**ACTIVITY**
Would you return the listing exactly as written, apart from its pictures?

**DATA PROVIDED**
*** Block opens ***
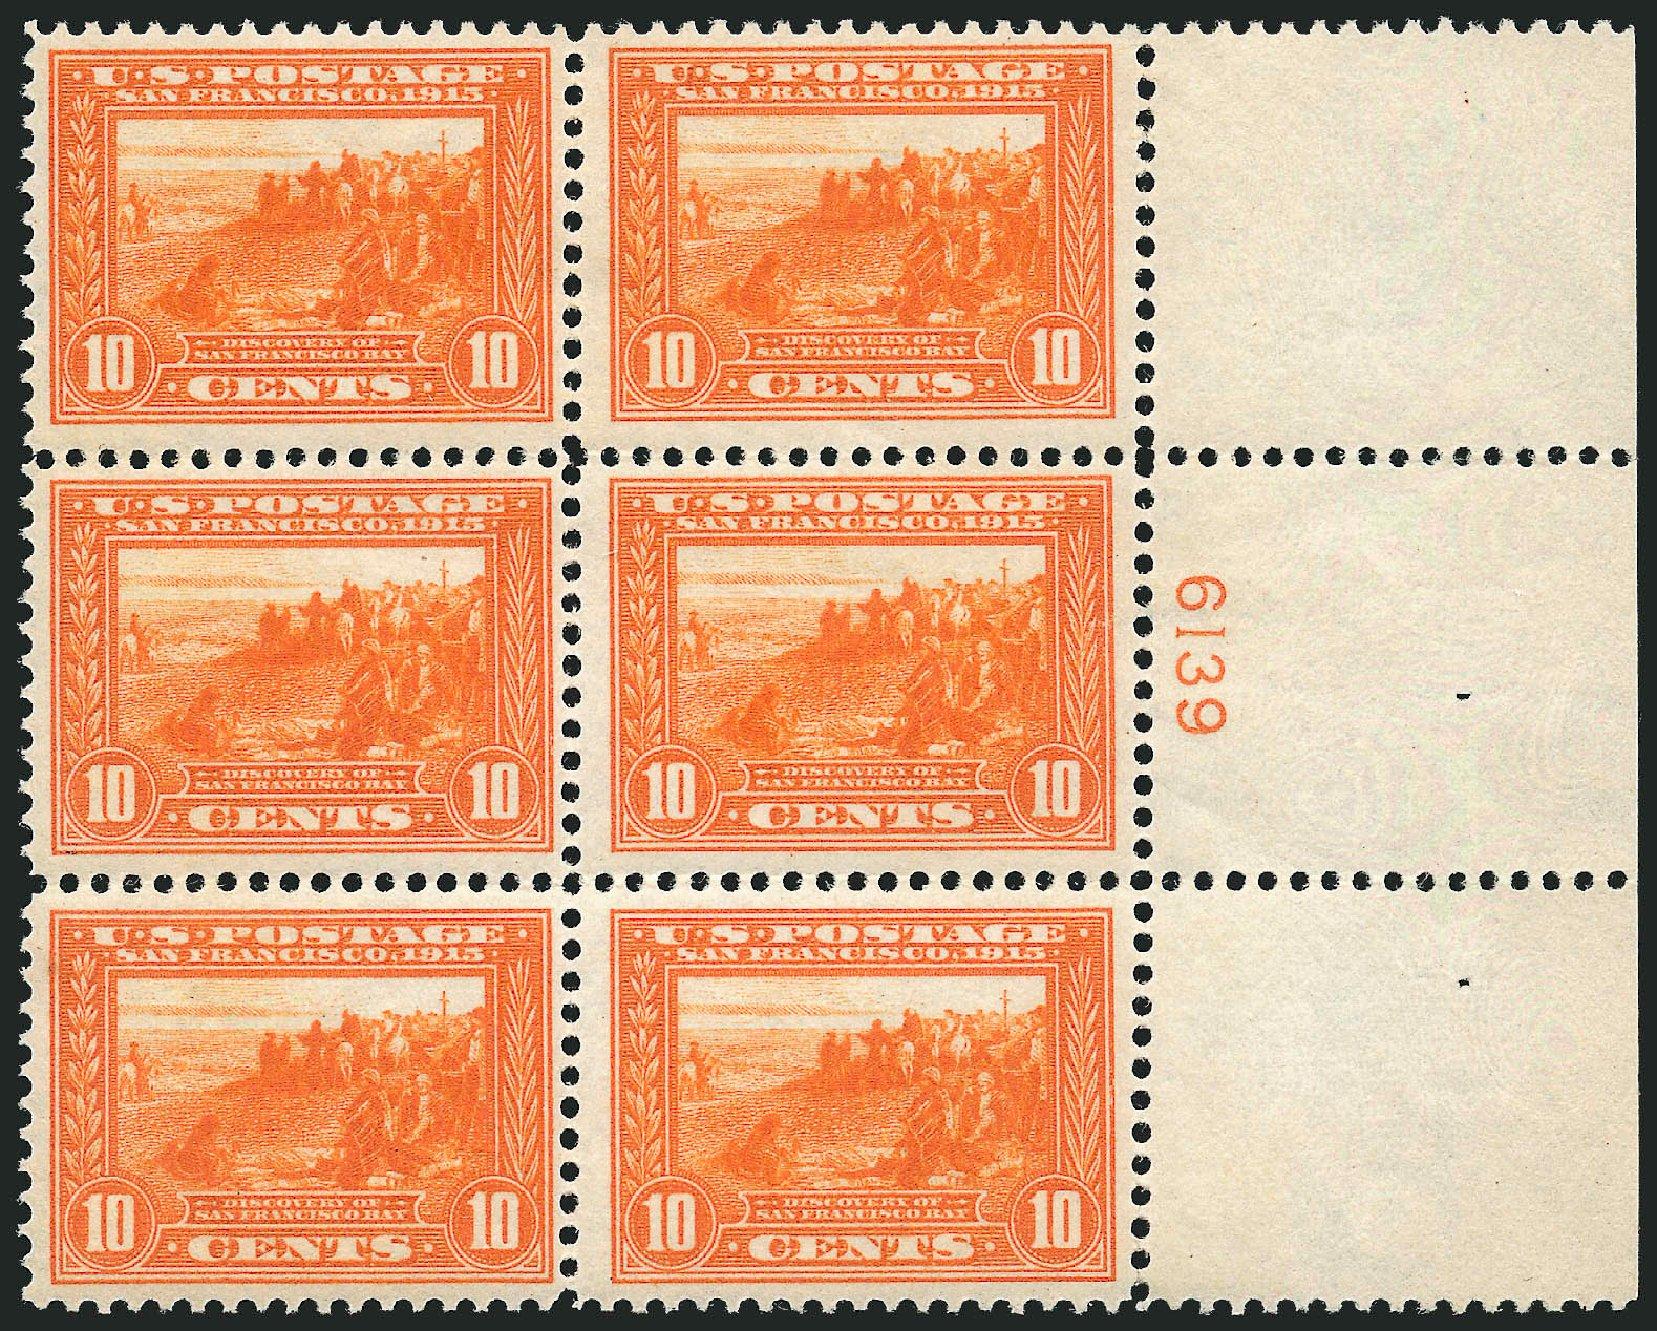 Values of US Stamps Scott Cat. #400A: 1913 10c Panama-Pacific Exposition. Robert Siegel Auction Galleries, Feb 2015, Sale 1092, Lot 1302
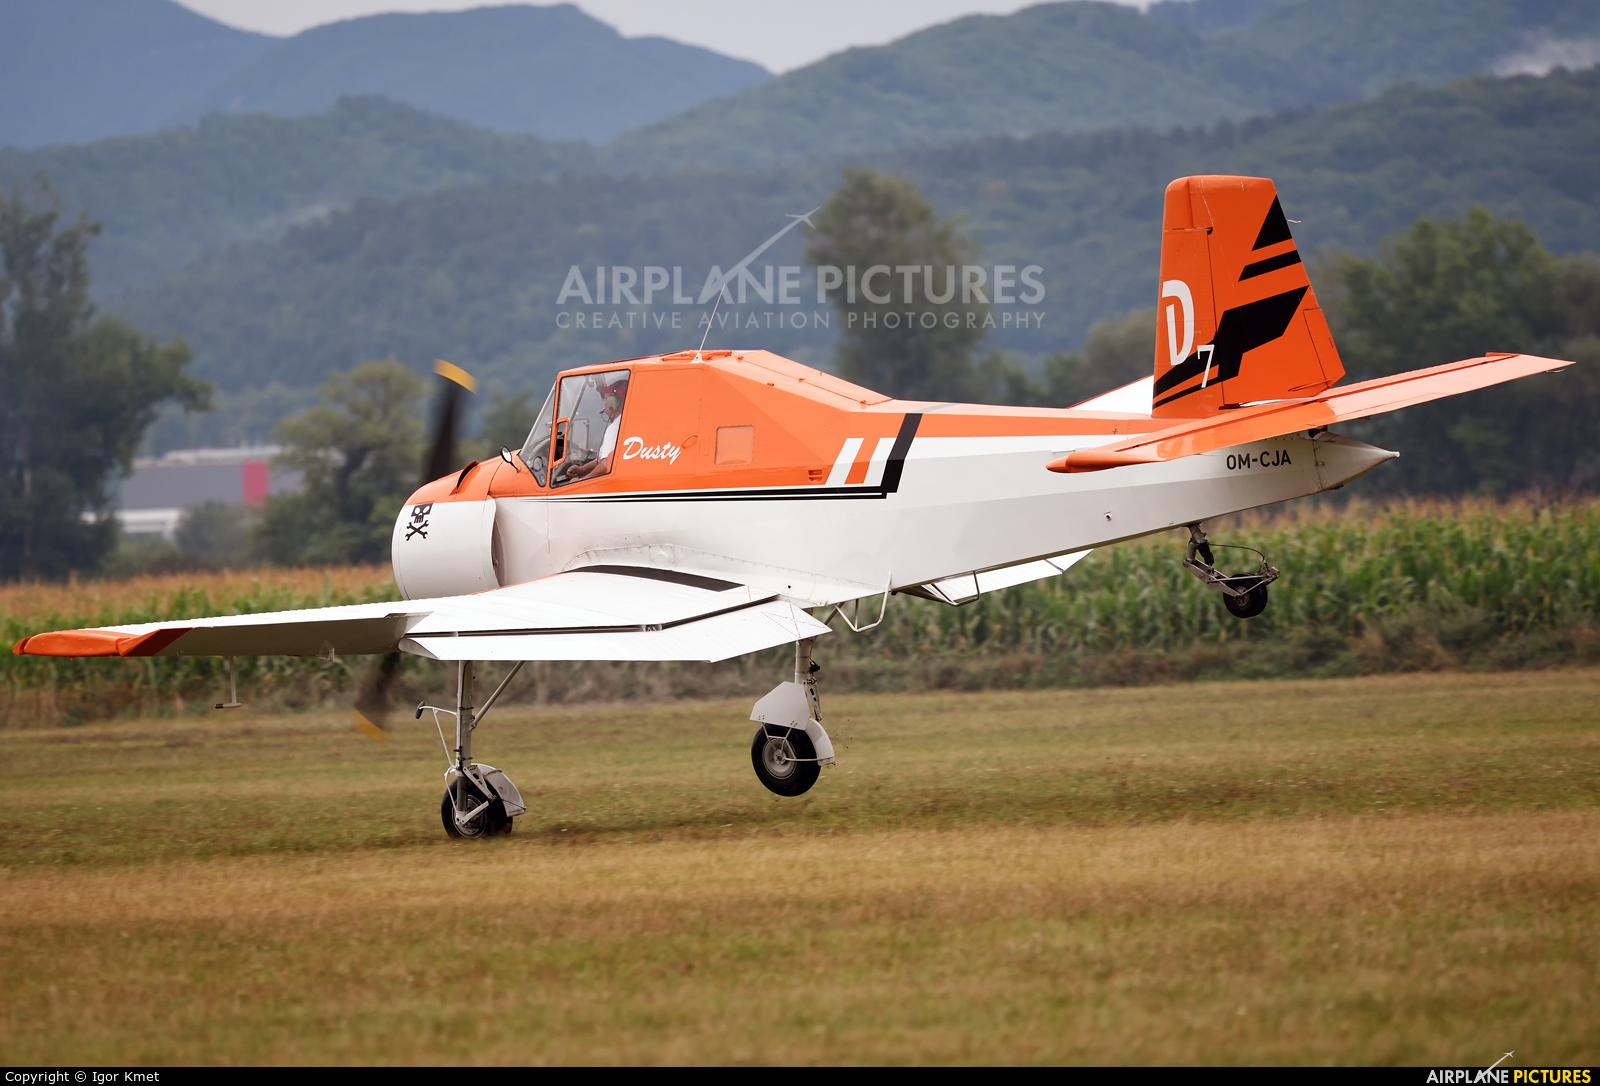 Aeroklub Dubnica nad Vahom OM-CJA aircraft at Dubnica nad Vahom - Slavnica
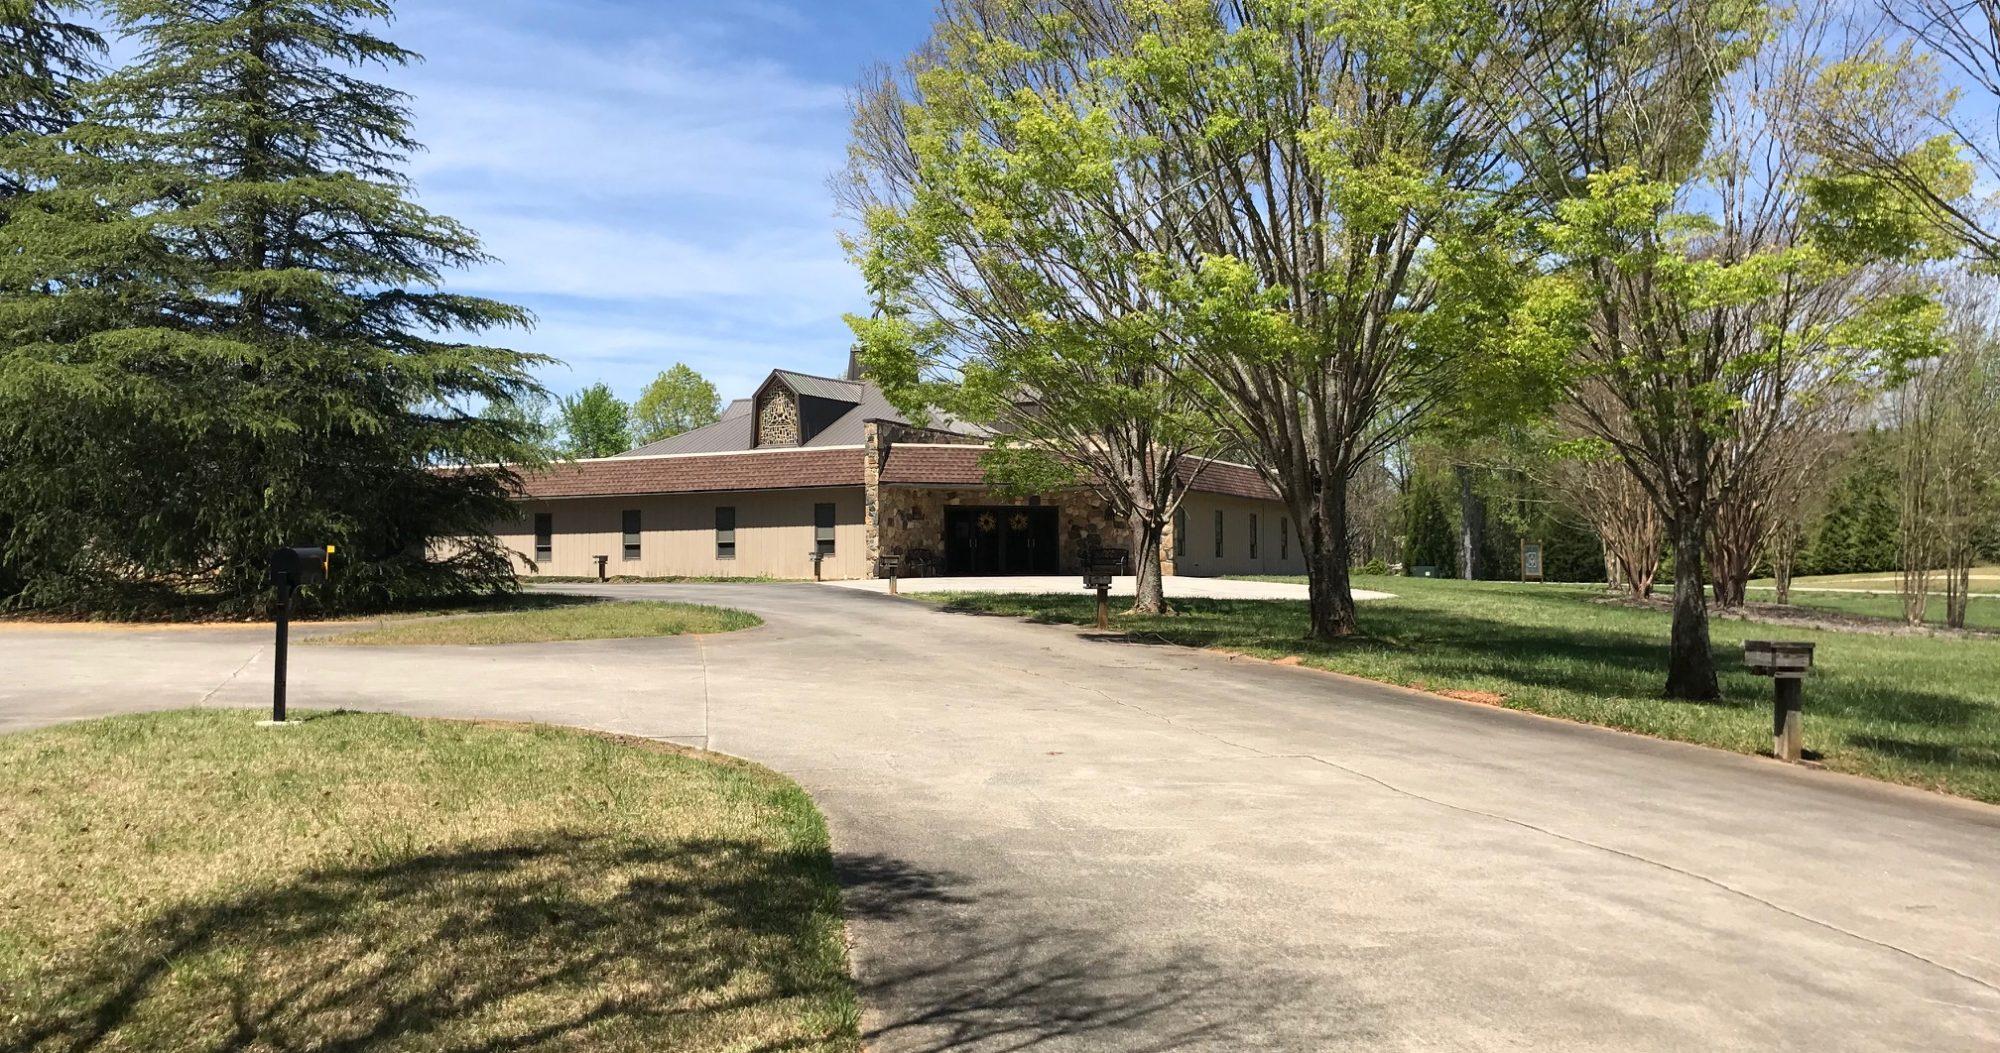 Mountain Rest Baptist Church
*** Block closes ***
**EXERCISE OUTPUT**
 Values of US Stamps Scott Cat. #400A: 1913 10c Panama-Pacific Exposition. Robert Siegel Auction Galleries, Feb 2015, Sale 1092, Lot 1302
 Aeroklub Dubnica nad Vahom OM-CJA aircraft at Dubnica nad Vahom - Slavnica
 Mountain Rest Baptist Church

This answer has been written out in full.